Thus, in the realm of politics, the concept of equality always carries with it some sense of ambiguity. For instance, should all states be equal in the international system? Or should the political power of states be proportional to the size of their population? Or should all individuals in all countries be equal in some shape or form? While scholars and the public are presumably divided on their preferences and answers to these questions, the most general limitation of thinking about politics strictly in terms of equality is that we do not know on which dimension people are or ought to be equal. Should they all have equal haircuts, equal paychecks, equal student-teacher ratios in school, equal numbers of voters in each voting district within a country (or across all countries), equal television advertising time during political campaigns, equal numbers of nuclear weapons to deter an invasion, and so on? Because equality varies across contexts, I argue that the type of equality/inequality most pivotal to the left-right continuum is equality/inequality in the distribution of power. Since equality is a malleable concept, the political right may not be opposed to, or even favour, certain types of equality, but where it strongly disagrees with the political left is that it opposes equality of power, since that is antithetical to its core belief that hierarchy serves a necessary and proper function within all societies, whether based on meritocracy, inheritance, fate, divine will, moral righteousness or some other criteria.

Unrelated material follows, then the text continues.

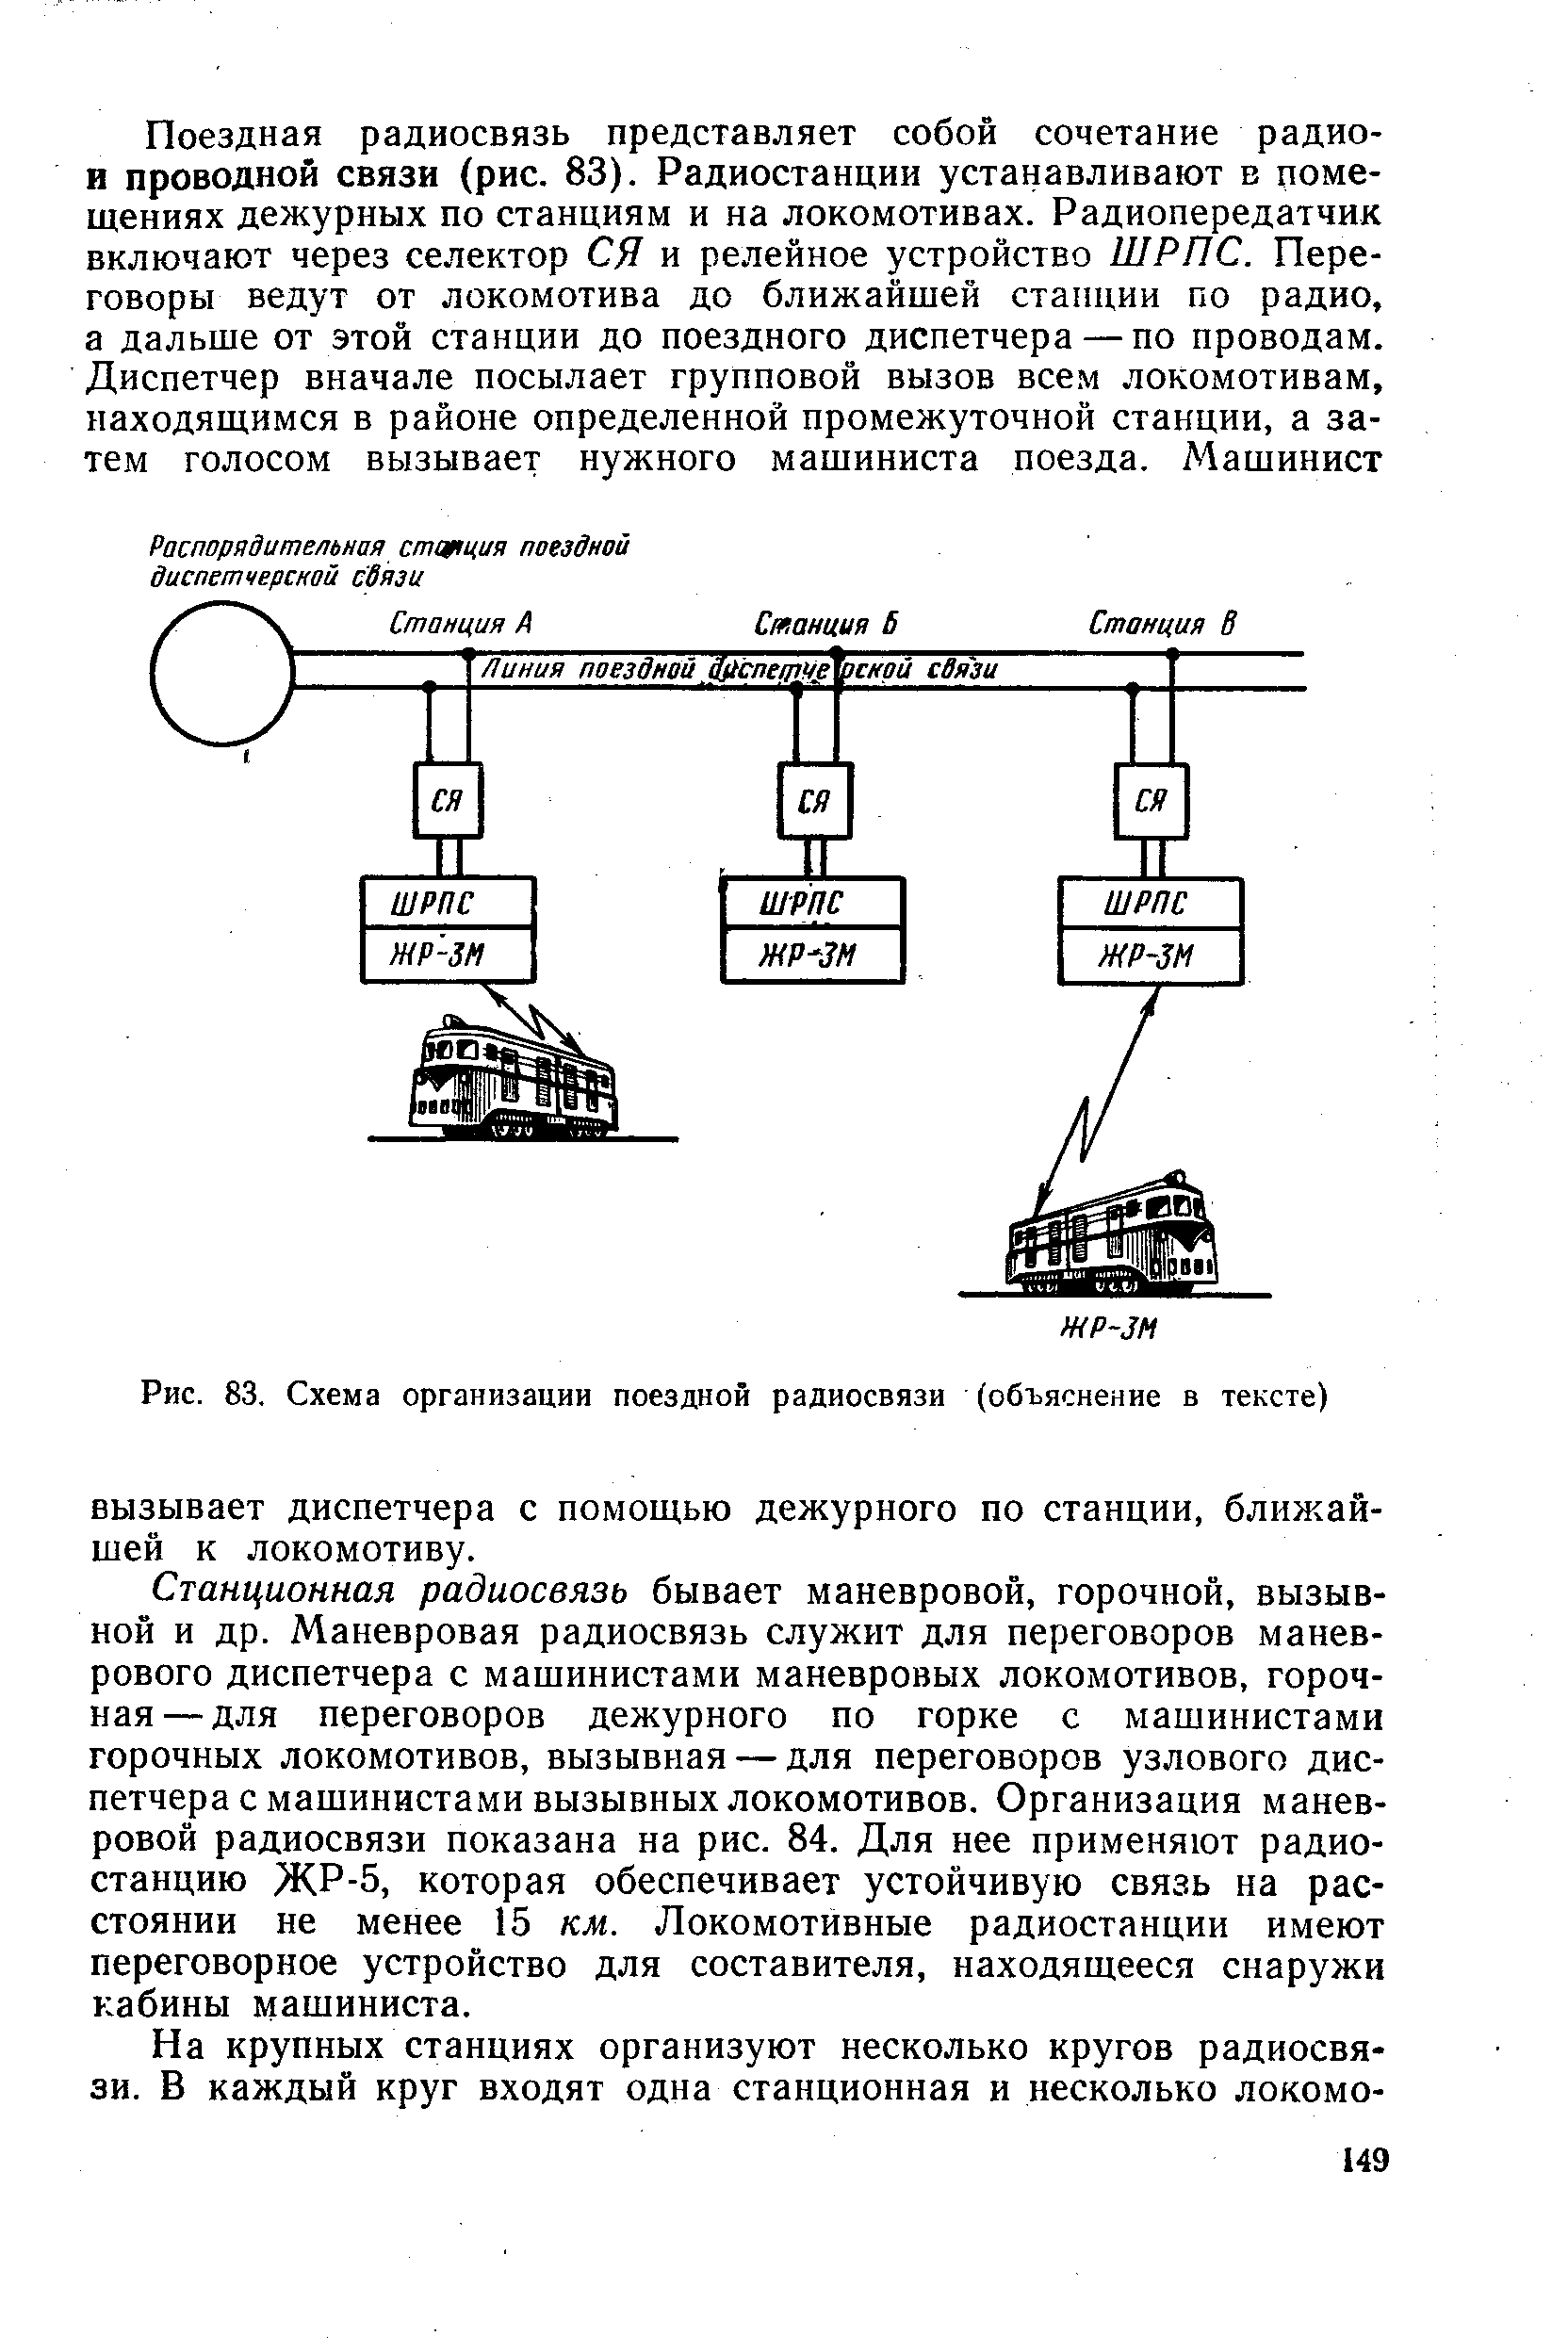 Рис. 83. Схема организации поездной радиосвязи (объяснение в тексте)

Application to Political Issue Domains
Having defended my claim that power diffusion/concentration is the underlying source of left-right divergence, I will now argue that it is important for us to recognize that those who prefer concentration or diffusion of power within a particular issue domain may not do so in another domain. Domains play a crucial role in politics because human beings are complex in their thinking and may feel that what “is justifiable in some sphere is unacceptable in others” (Rothstein, Reference Rothstein2011: 21). For instance, some political parties may favour de-concentration of economic power in their own nation, such as those aiming to achieve “socialism in one country,” while simultaneously resisting de-concentration of power internationally among countries, genders or species.
I will now illustrate the utility of my “one dimension, multiple domains” framework for comparing political parties across the left-right spectrum through a case study of contemporary Sweden. Sweden was chosen because it is a well-established multi-party unitary democracy that has pragmatic and differentiated political parties located across the entire left-right spectrum, as opposed to catch-all or personalist parties. As Oscarsson and Holmberg (Reference Oscarsson, Holmberg and Pierre2016) explain, it is a social democratic country that has a long history of free competition between both socialist and bourgeois political parties:
A traditional left-right dimension has been structuring party competition and voting behavior in Sweden since at least the 1880s, and it is still overwhelmingly dominant in explanations of political change. The mental representation of parties lined up from left to right along a single continuum is predominant also among younger generations. Left-right ideological predispositions keep bringing stability, order, and congruence to political attitudes and behavior, perhaps more so than in any other political system. (260–61)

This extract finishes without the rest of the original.